Mika Week Commission report to MSNBC.

Review of Morning Talk with Panels, Topics, Guests.  Analysis shows 80% of non-commercial airtime dedicated to exploring
  • Linear Thought Pattern 1: the the mindset of the positioning dominator-type, the linear approach to forcing values and objectives, must get from Point A to Point B and the line is all there is; security is my place on this line and I must get ahead on it or be kicked off, stepped on or over.  The structure itself limits options for progress to goals; this line is all I have;  over the mindset of 
  • Web Thought Pattern 2: the problem-solver, the web-approach to fostering values and objectives. The structure itself offers alternate routes to goals.

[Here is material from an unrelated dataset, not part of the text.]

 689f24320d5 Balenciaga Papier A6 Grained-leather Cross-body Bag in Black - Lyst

If this doesn't work, we have this other strand, or this other one.
Findings:

1. Where the difference in mindset was highlighted on the program by Mika the Wise, the Hierarchical Linears could not, could not, absolutely could not,see an alternative to their Linear approach. For them, it was return immediately to fight, knock people off the line, knock the guy off who is at the top of the pyramid, how did we lose, how do we get that place on the line back, and how to reposition to move ahead for oneself.

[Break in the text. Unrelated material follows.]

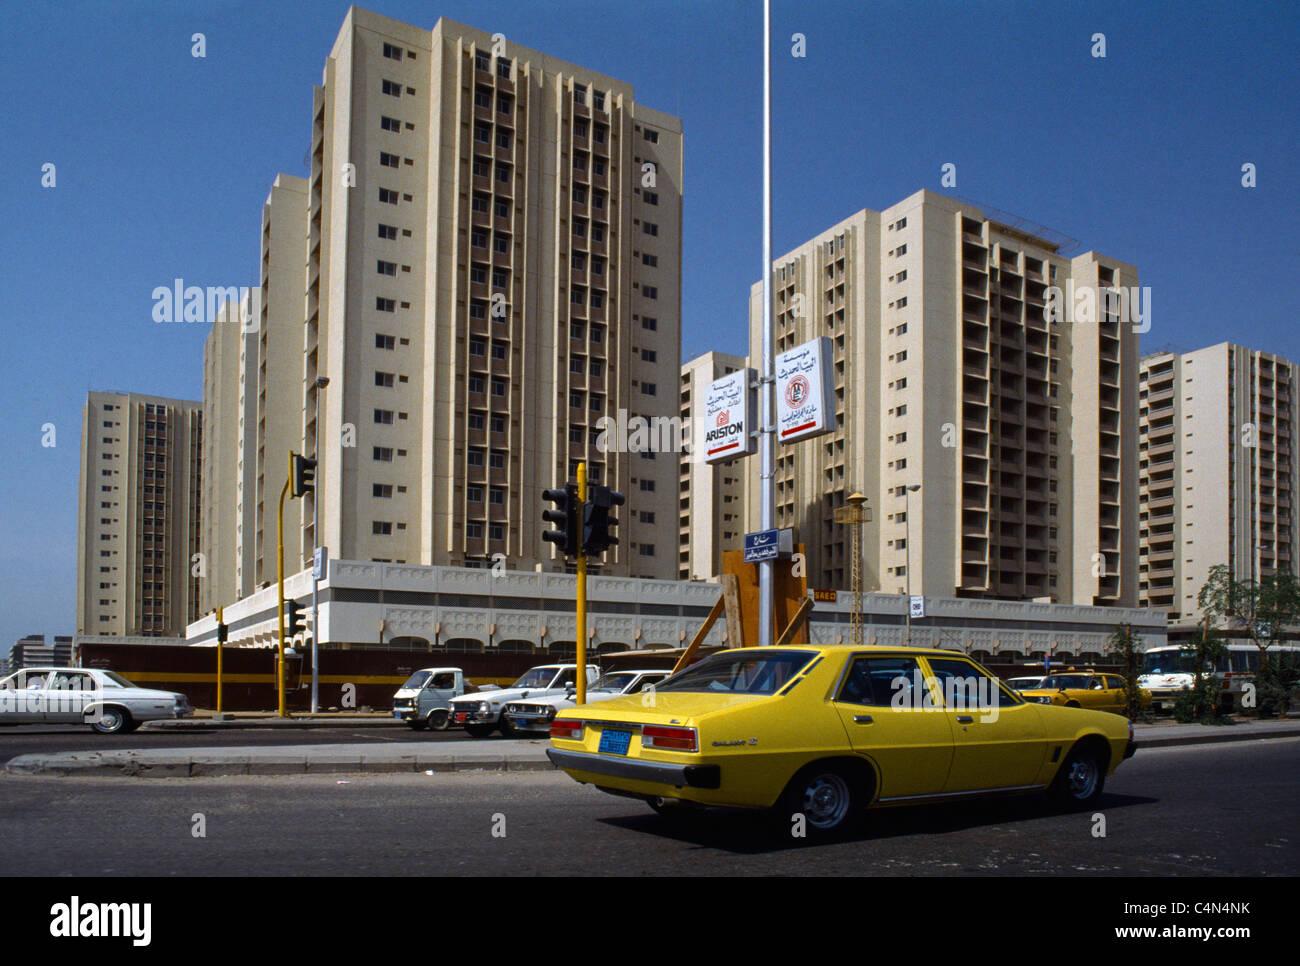 Riyadh Saudi Arabia Street Scene Traffic On Road By Traffic Lights - Stock Image

2.  The Webs, however, confronted with Linears, easily saw and had access to other options to achieve their goals, including becoming Linear temporarily. Point A on a web offers many choices to getting to Point B on the web. Duck, dodge, go around, nobody needs to be knocked off.  Security is the center of a web so that even strands destroyed do not shake the center.

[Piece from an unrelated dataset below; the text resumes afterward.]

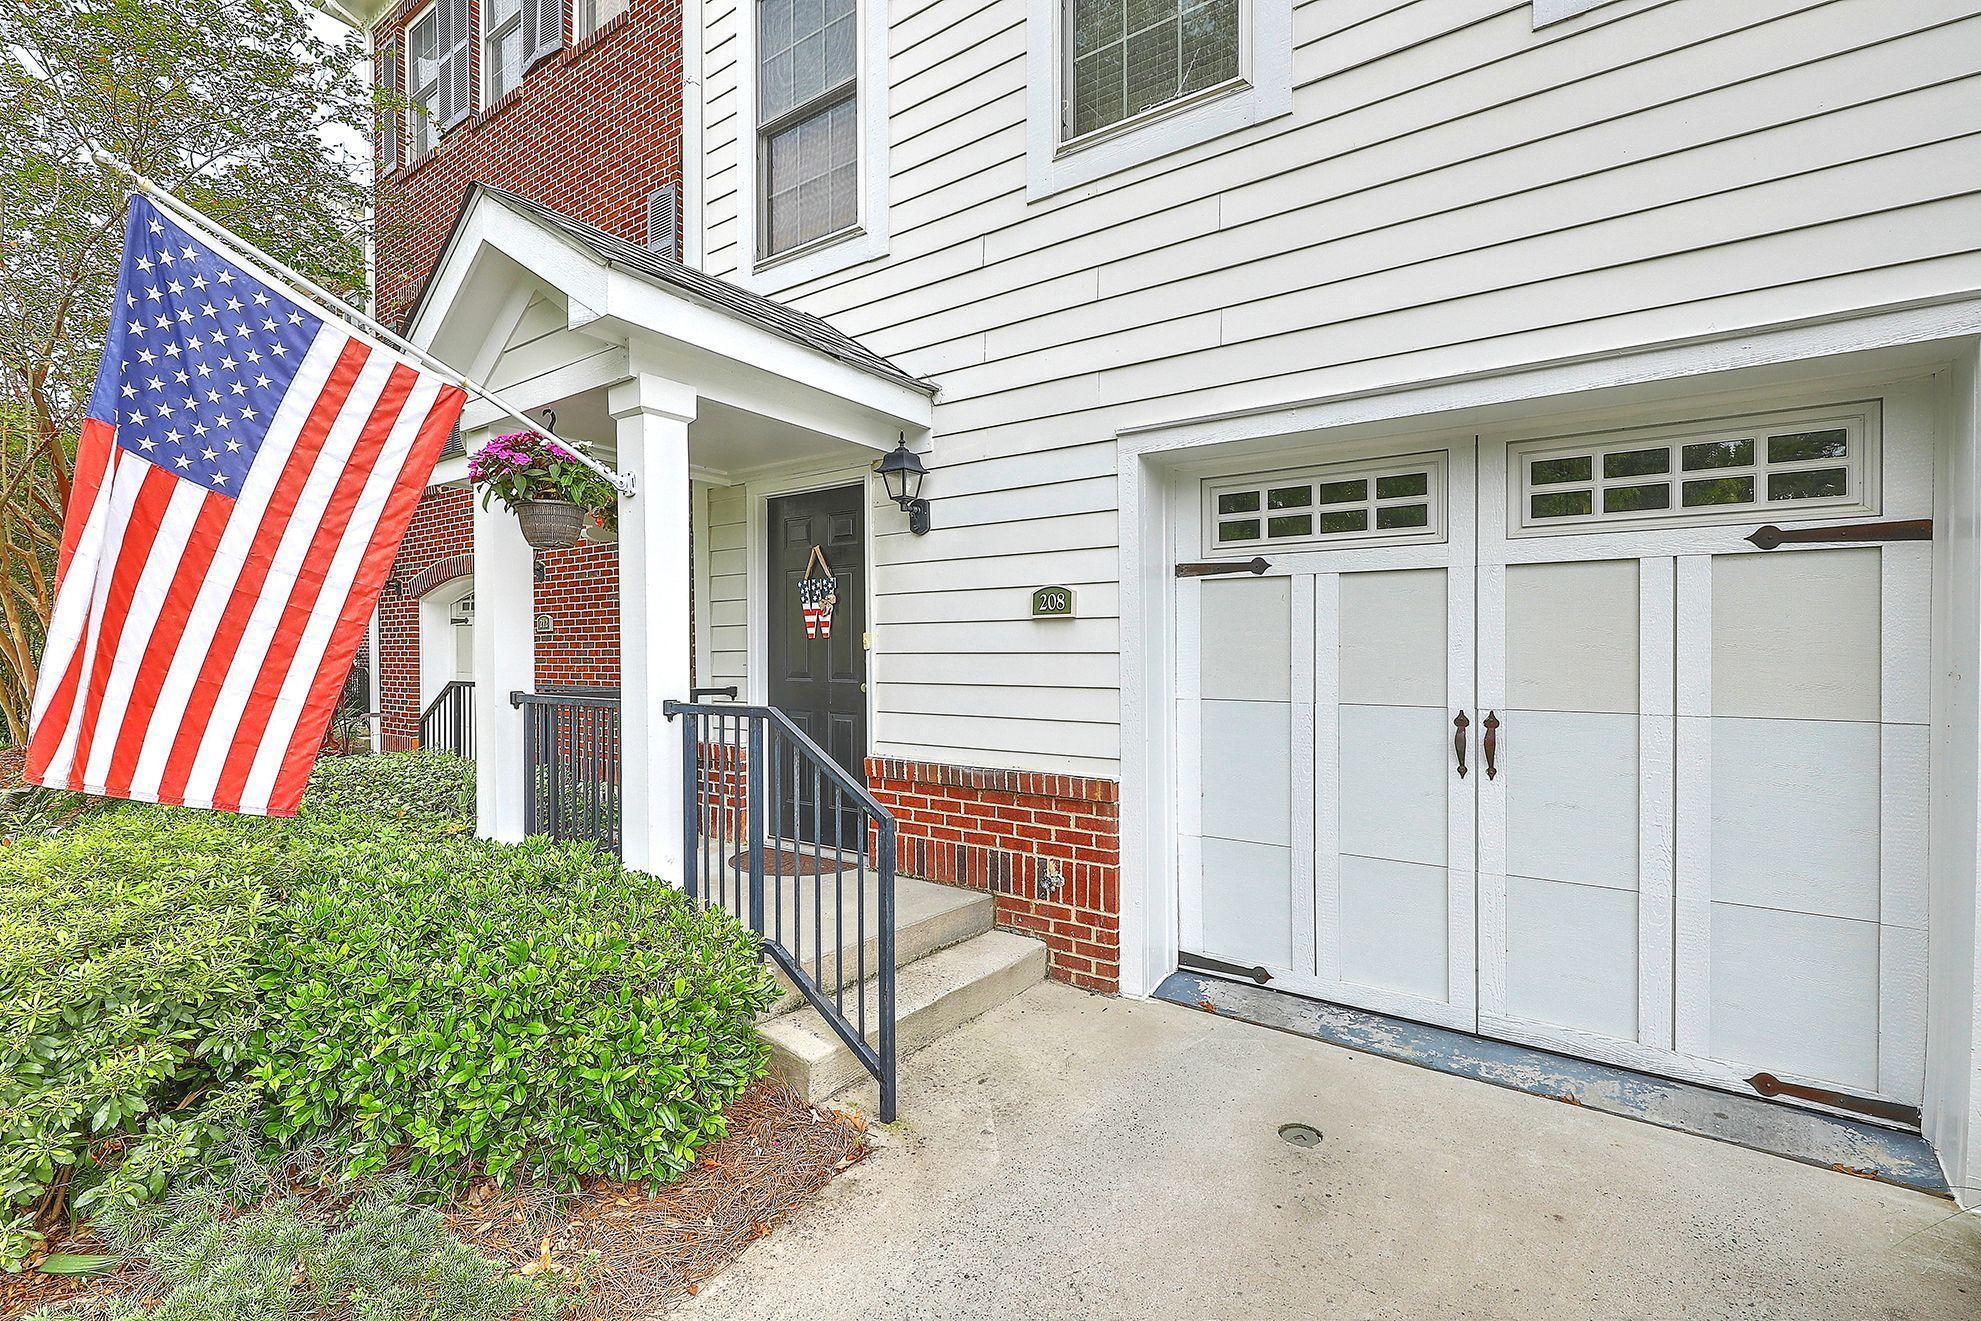 Etiwan Pointe Homes For Sale - 208 Etiwan Pointe, Mount Pleasant, SC - 27

3.  Accordingly, the common good requires that MSNBC give airtime to exploring the merits of a web-based approach to problem-solving, now that the linears have completely tangled their misbegotten, single lifeline, and will drag us all down.

Coffee break:

Why cannot Scarborough be fair? **
Lines, and rules, 
And labels are there.
Life for such is a place on the line.
Without that one line, 
Do I exist? I am where?
Pass the bloke a web.

Further discussion:

  • The Commission also notes that the issue of aggression toward women appears to be correlated to circumstances where the women are far outnumbered by the men, by cultural restriction or other rules or practice.  See Rape Incites Women to Fight Culture, NYT http://www.nytimes.com/2012/12/31/world/asia/rape-incites-women-to-fight-culture-in-india.html?pagewanted=all&_r=0d.  No wonder Mika's comments get sidetracked so often.  It appears that masculinized sex ratios lead to an enhanced pack mentality, leading men to act more violently toward women when in that pack, than individuals may otherwise behave. Morniing Talk:  benefit by demasculinizing the sex ratios in discussions of news, current events, social topics. Ignoring, devaluing any group, including women is violence. Just ask us.
  • A Grand Bargain, combining various topics for resolution at once, is impossible where there is a strong linear presence in thought pattern. A Grand Bargain is only possible where there are web-thinkers on both sides, such being capable of fancy footwork and perspective, whereas linear thinkers can only hang on to their place on the line. Accordingly, a president who can assess the linears and their limitations as accurately as this president can, is to be applauded for acting in increments, step by step, to achieve what web-thinkers, if substantially represented on both sides, could well have done on their own.
  • Democracy requires web thinking on both sides;  linear thinking untempered by web appreciation, leads to autocracy.